Aksi Korvre Muspika kecamatan Teluknaga di wilayah Desa Kampung Melayu Barat
KABUPATEN TANGERANG,- Pemerintah Kecamatan Teluknaga bersama unsur Forkopimcam kembali menggelar aksi korve atau gotong royong massal di wilayah Desa Kampung Melayu Barat, Kecamatan Teluknaga, Jumat, 8 Mei 2026. Kegiatan kali ini difokuskan pada pembersihan sampah di ruas jalan utama, drainase hingga aliran kali di kawasan Kampung Sloyong, Jalan Teladan II.

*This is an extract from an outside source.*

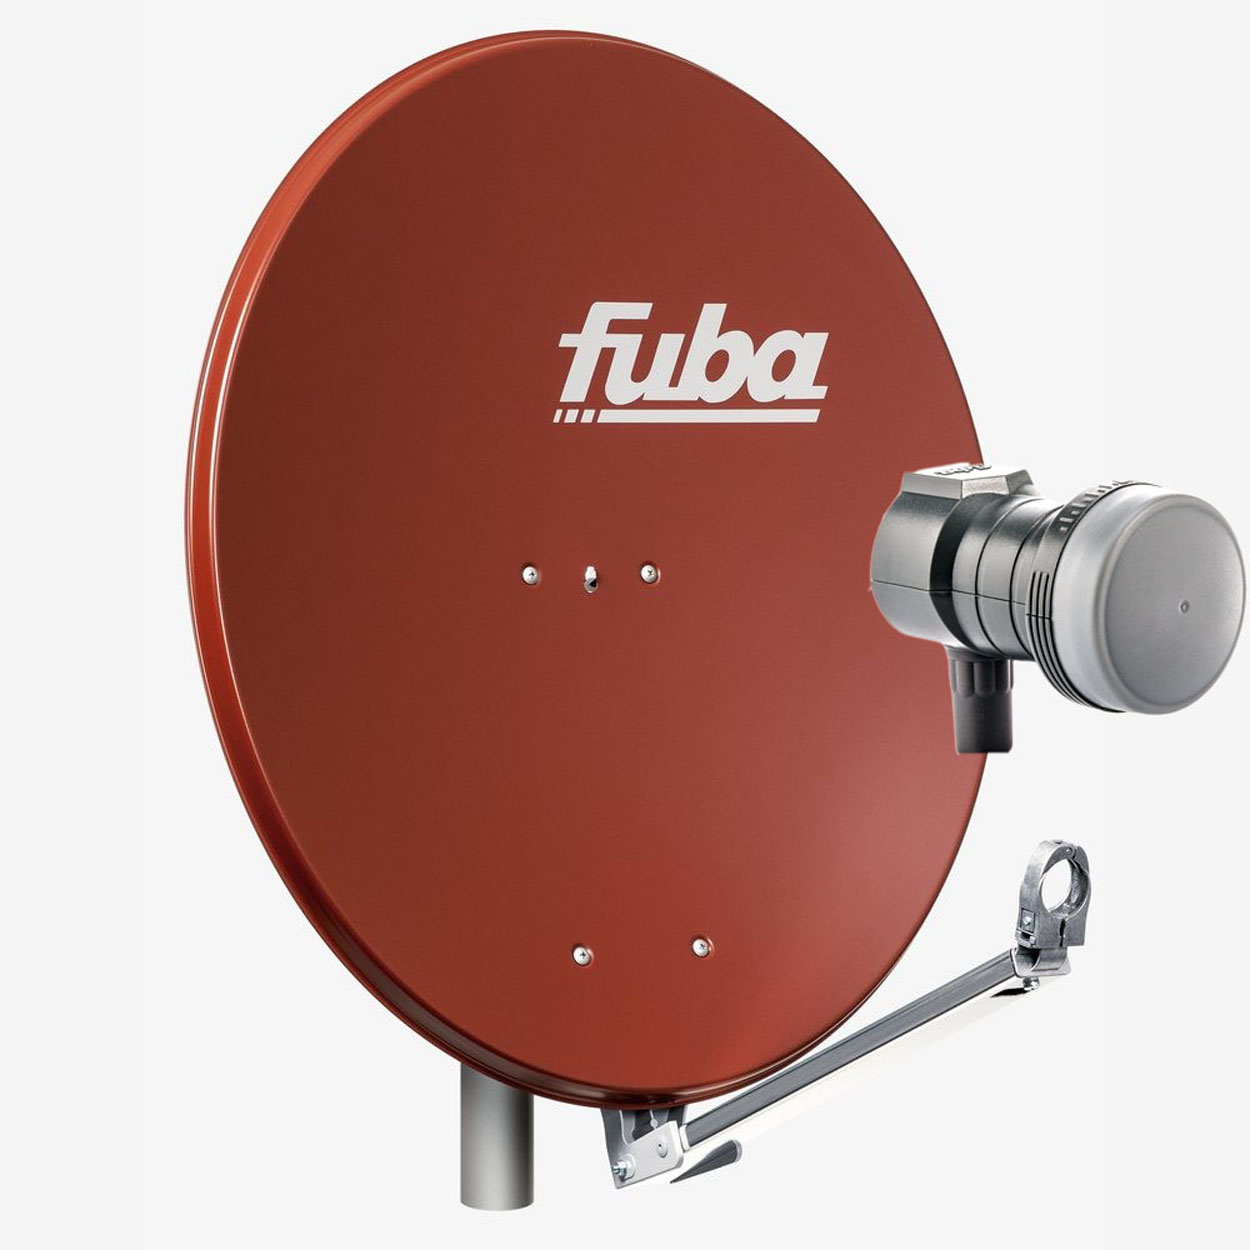 FUBA Single Sat Antenne Anlage Teilnehmer Sat Schüssel Single DEK Anlage LNB) R 801 117 Spiegel 1 cm, (80 DAL

Aksi bersih-bersih tersebut dipimpin langsung Camat Teluknaga, Kurnia, S.STP., M.Si., didampingi Kapolsek Teluknaga Iptu Kevin, Kasi Binwasdes kecamatan Teluknaga, Kepala Desa Kampung Melayu Barat Subur Maryono, serta jajaran pemerintah kecamatan dan desa.
Sejumlah personel dari Polsek Teluknaga, Koramil Teluknaga, DLHK Kabupaten Tangerang, Karang Taruna, hingga warga setempat tampak turun langsung membawa alat kebersihan untuk mengangkat sampah yang menyumbat saluran air dan bantaran kali.
“Korve rutin ini bukan sekadar kegiatan seremonial. Kami ingin membangun kesadaran bersama bahwa lingkungan yang bersih adalah tanggung jawab semua pihak,” ujar Camat Teluknaga, Kurnia, di sela kegiatan.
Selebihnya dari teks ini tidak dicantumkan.